Your copy should begin with the line containing "ACME - Perine", end with the line containing "Bottega Veneta Pouch", match the listing below exactly, and contain no pictures.

■ INPUT DATA ■
* * *

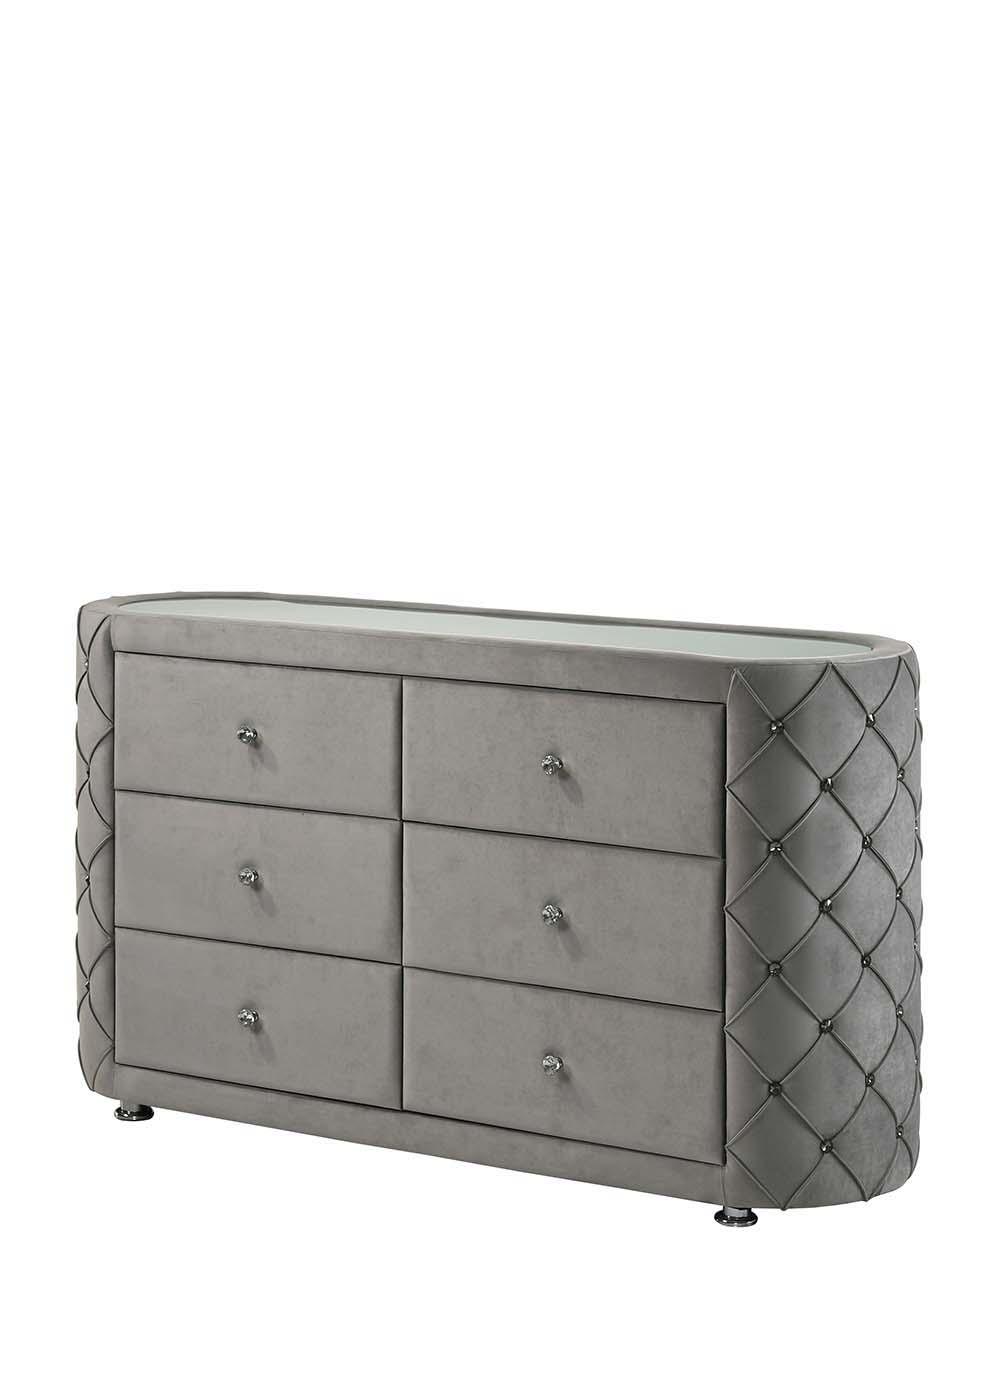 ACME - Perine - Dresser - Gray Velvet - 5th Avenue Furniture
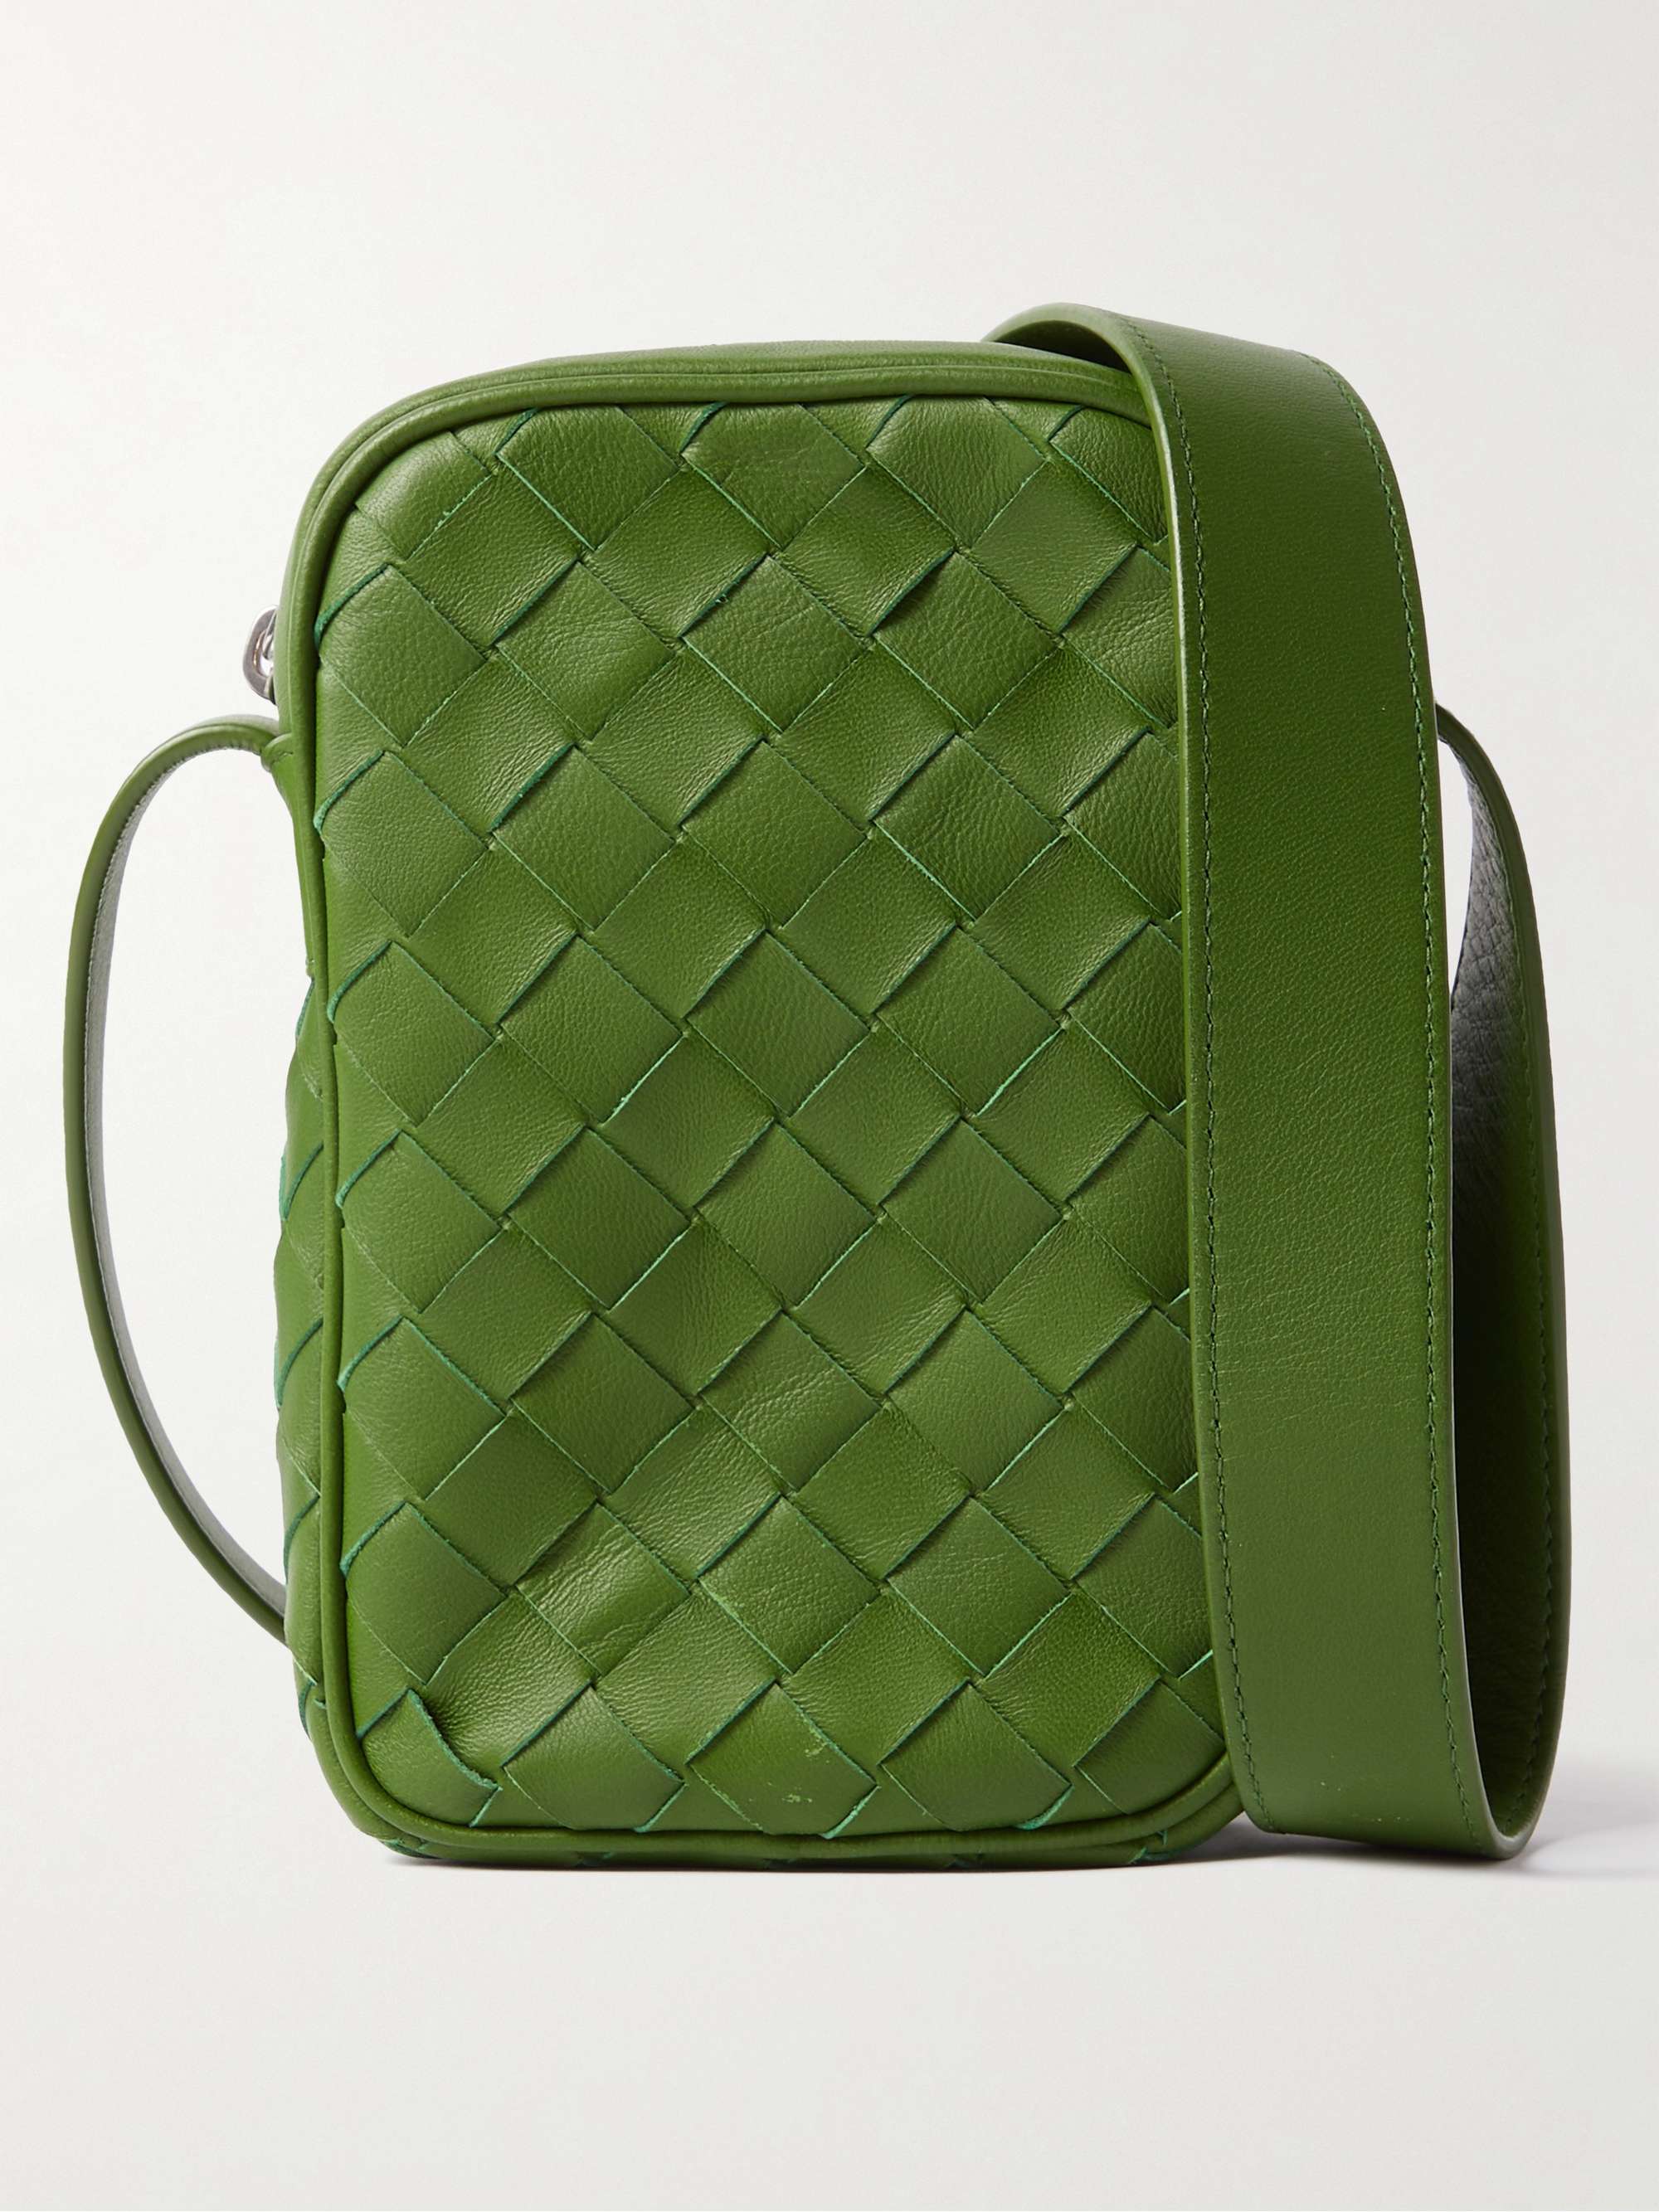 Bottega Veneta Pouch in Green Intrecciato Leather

* * *

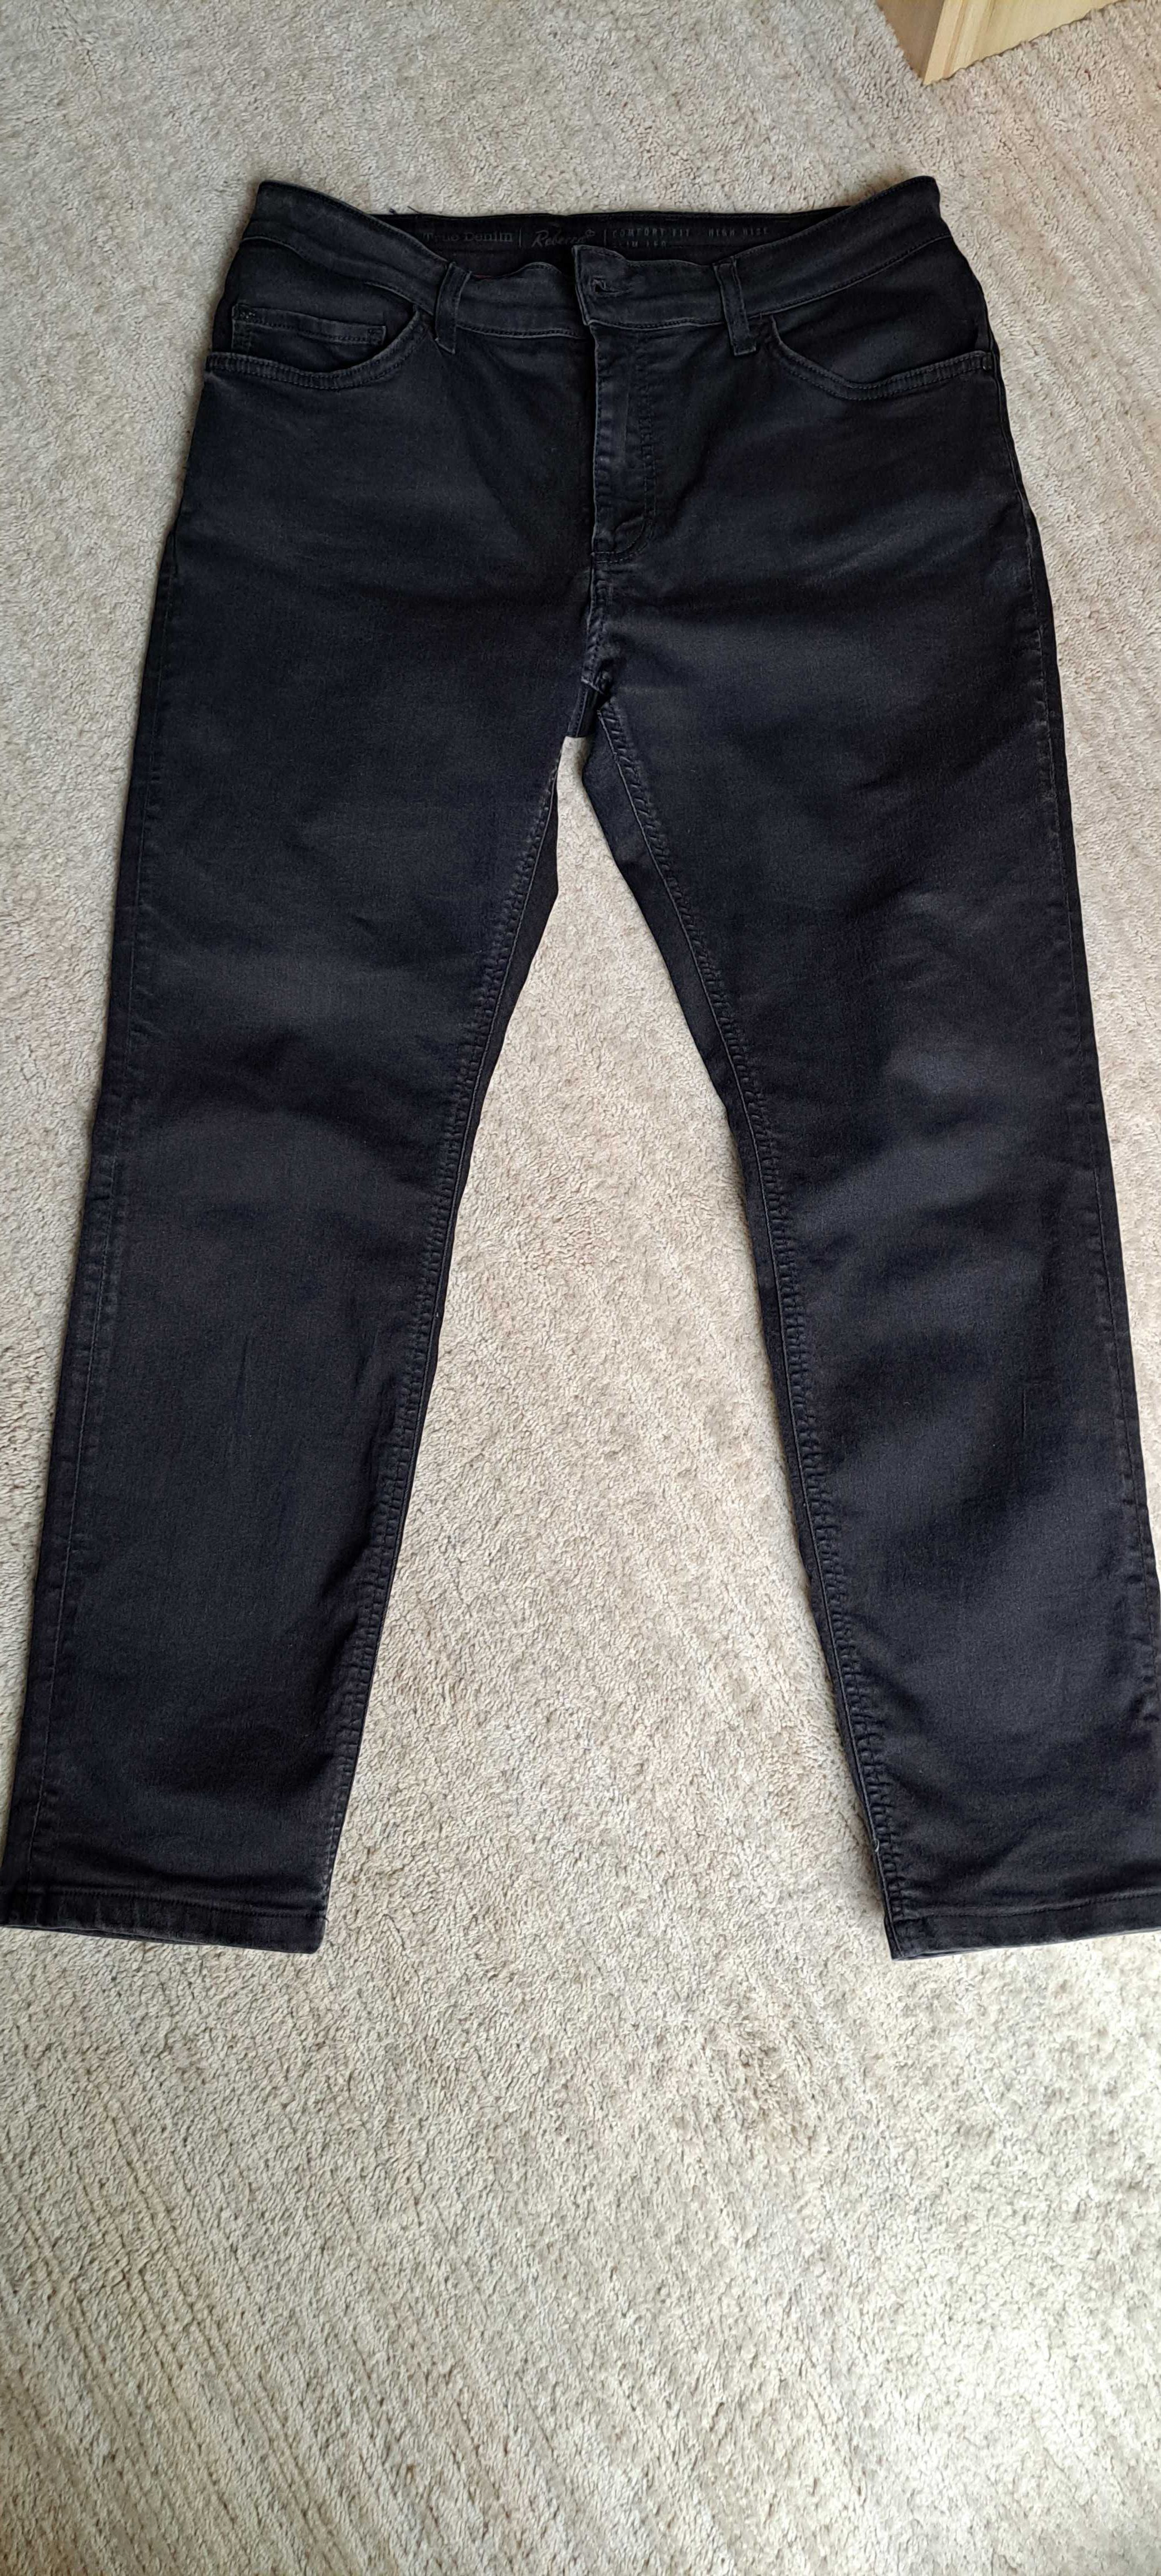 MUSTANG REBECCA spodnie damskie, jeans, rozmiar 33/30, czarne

* * *

■ WRITTEN SOLUTION ■
 ACME - Perine - Dresser - Gray Velvet - 5th Avenue Furniture
 Bottega Veneta Pouch in Green Intrecciato Leather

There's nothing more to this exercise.